*EXERCISE PROMPT*: Go through the following data and transcribe exactly the stretch of lines from the one holding "Ako dodate celer" to the one holding "Bolso wayuu para", both included.

*PROVIDED ENTRIES*:
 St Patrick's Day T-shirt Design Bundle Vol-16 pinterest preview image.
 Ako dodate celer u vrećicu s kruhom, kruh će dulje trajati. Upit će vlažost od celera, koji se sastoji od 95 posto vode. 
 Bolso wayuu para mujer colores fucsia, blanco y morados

---

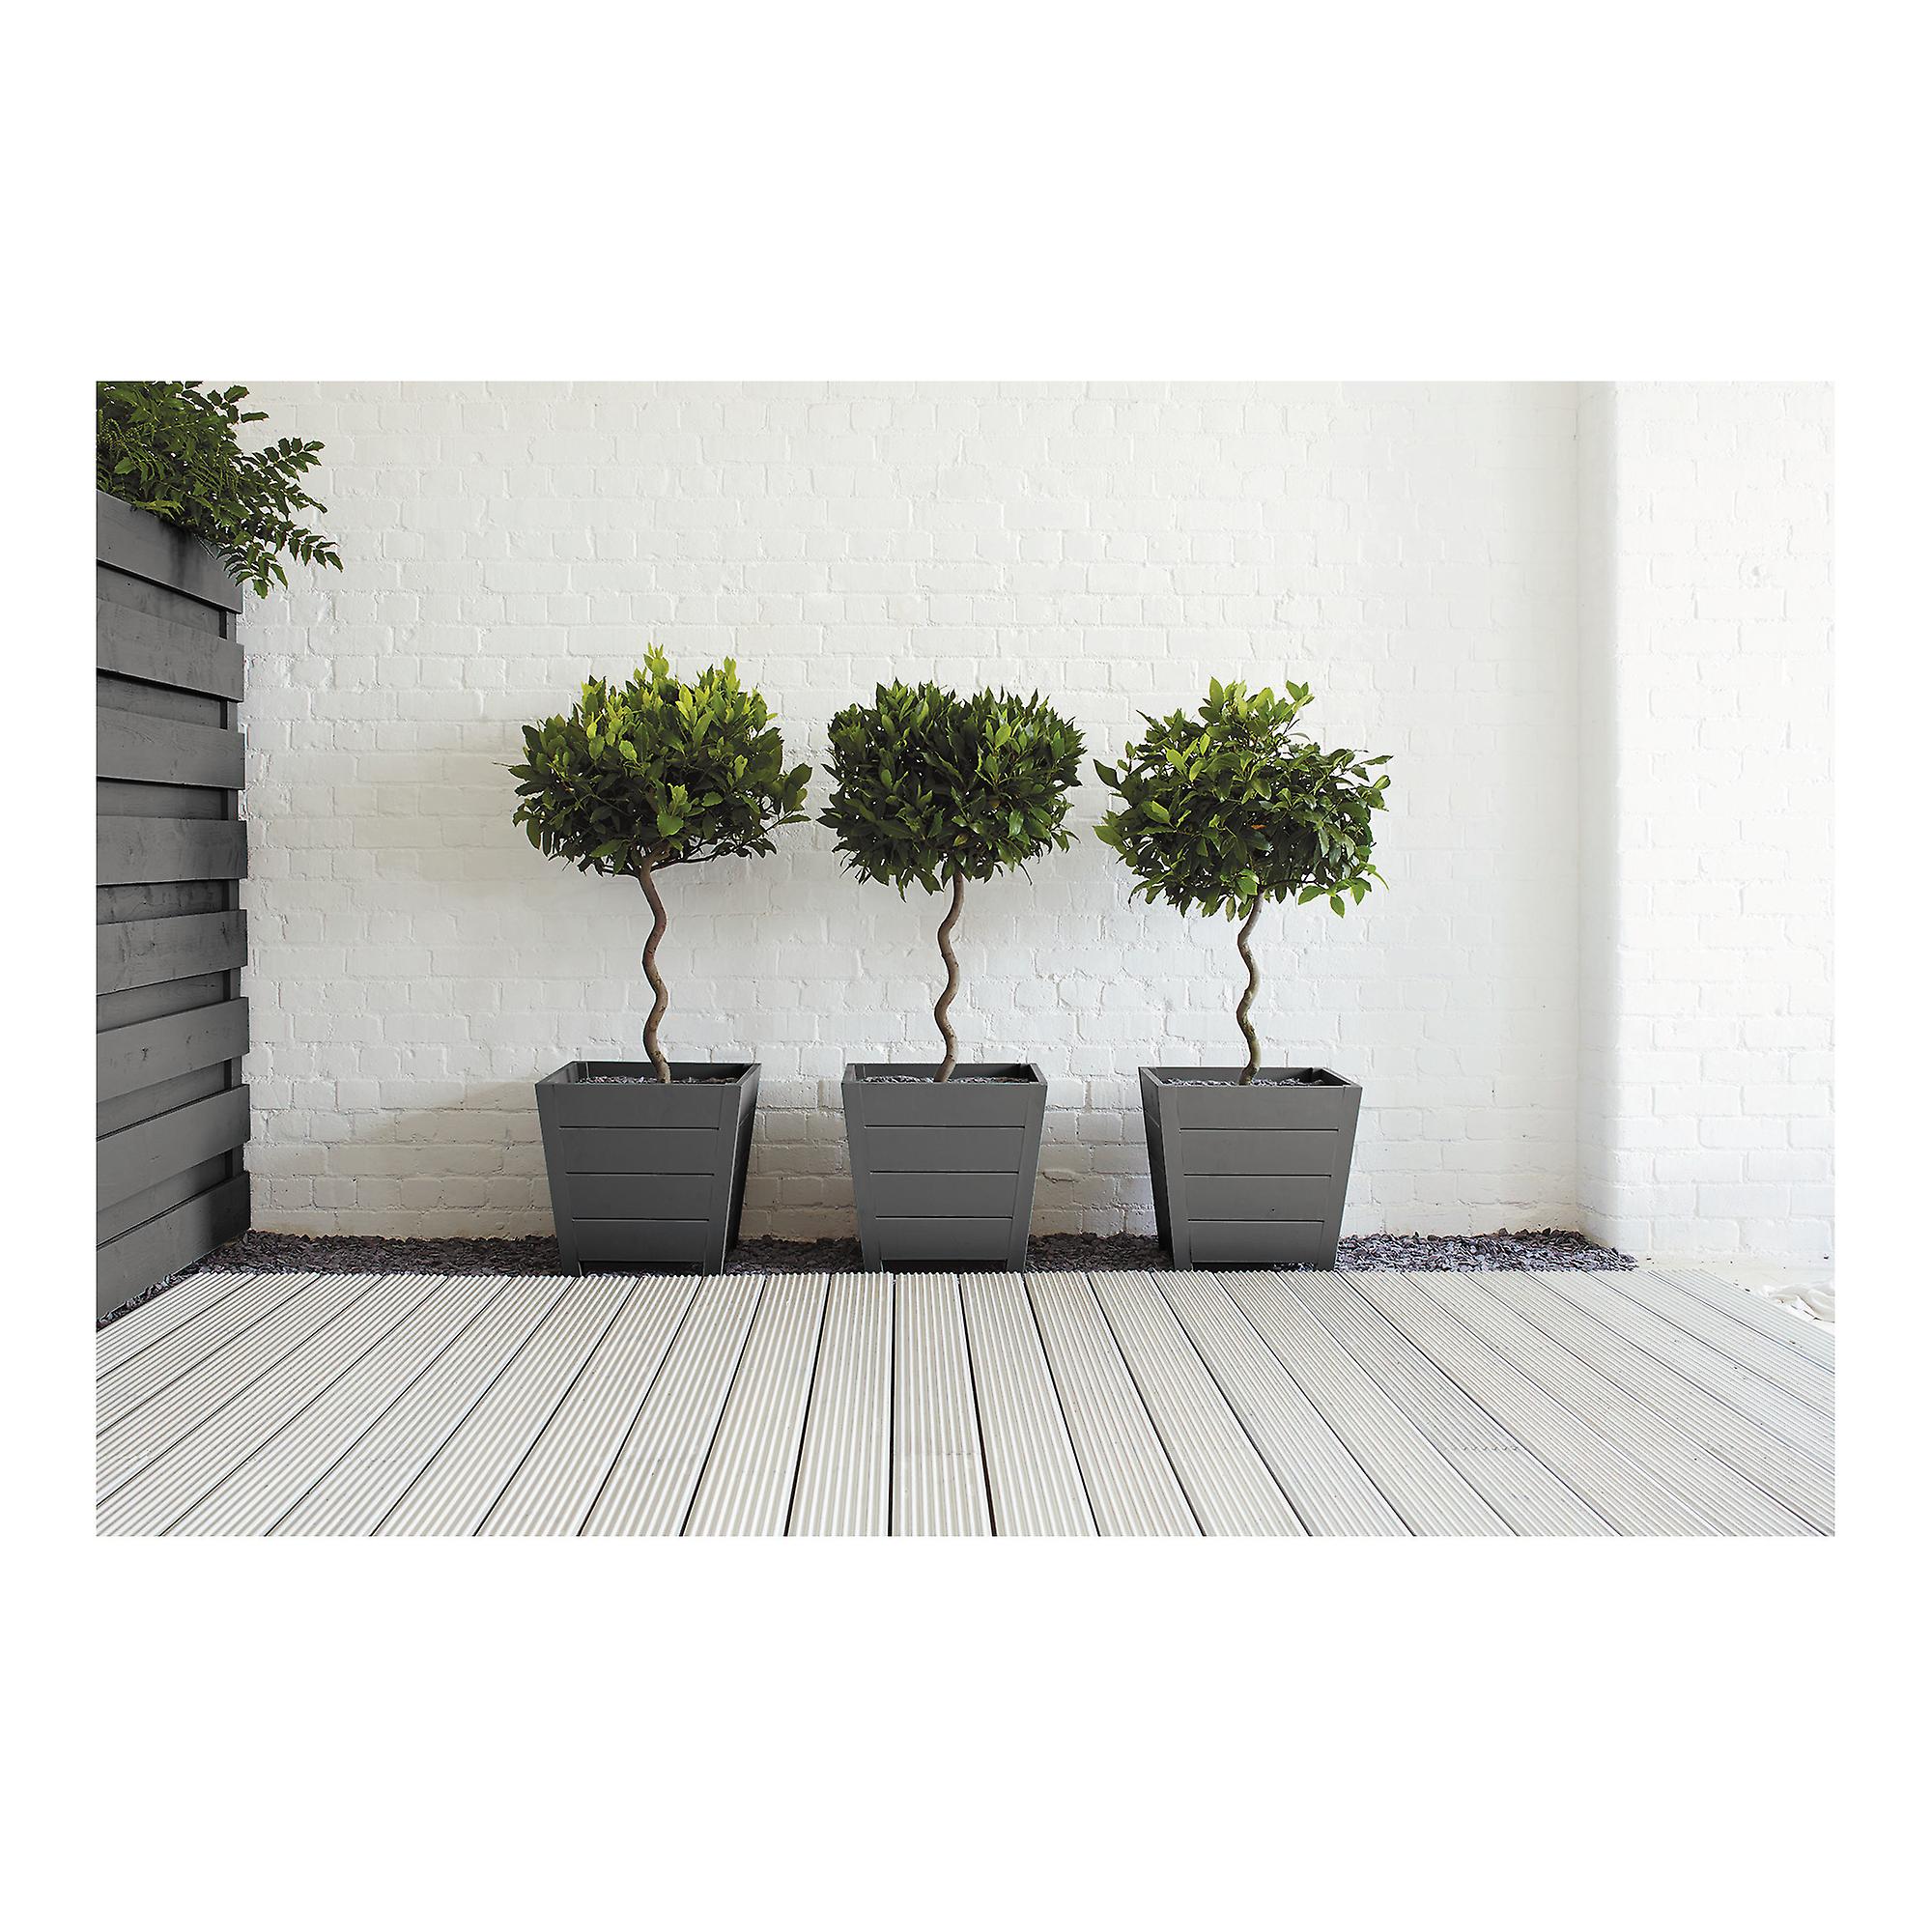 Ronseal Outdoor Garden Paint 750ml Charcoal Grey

==

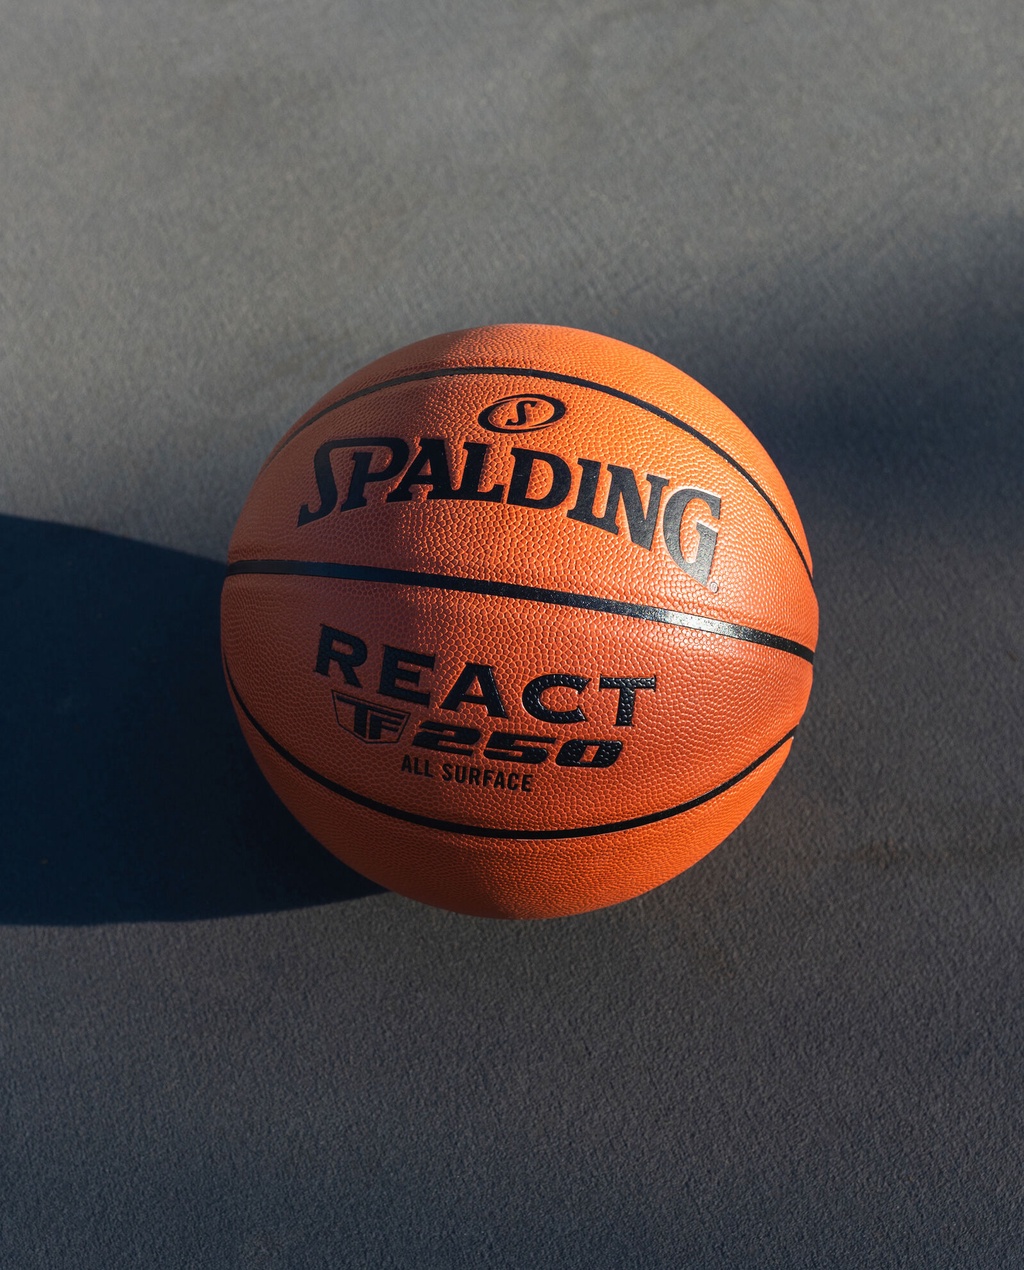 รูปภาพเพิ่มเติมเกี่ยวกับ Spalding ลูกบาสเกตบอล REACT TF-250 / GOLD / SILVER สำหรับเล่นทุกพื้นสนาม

*ANSWER TO THE PROBLEM*:
 Ako dodate celer u vrećicu s kruhom, kruh će dulje trajati. Upit će vlažost od celera, koji se sastoji od 95 posto vode. 
 Bolso wayuu para mujer colores fucsia, blanco y morados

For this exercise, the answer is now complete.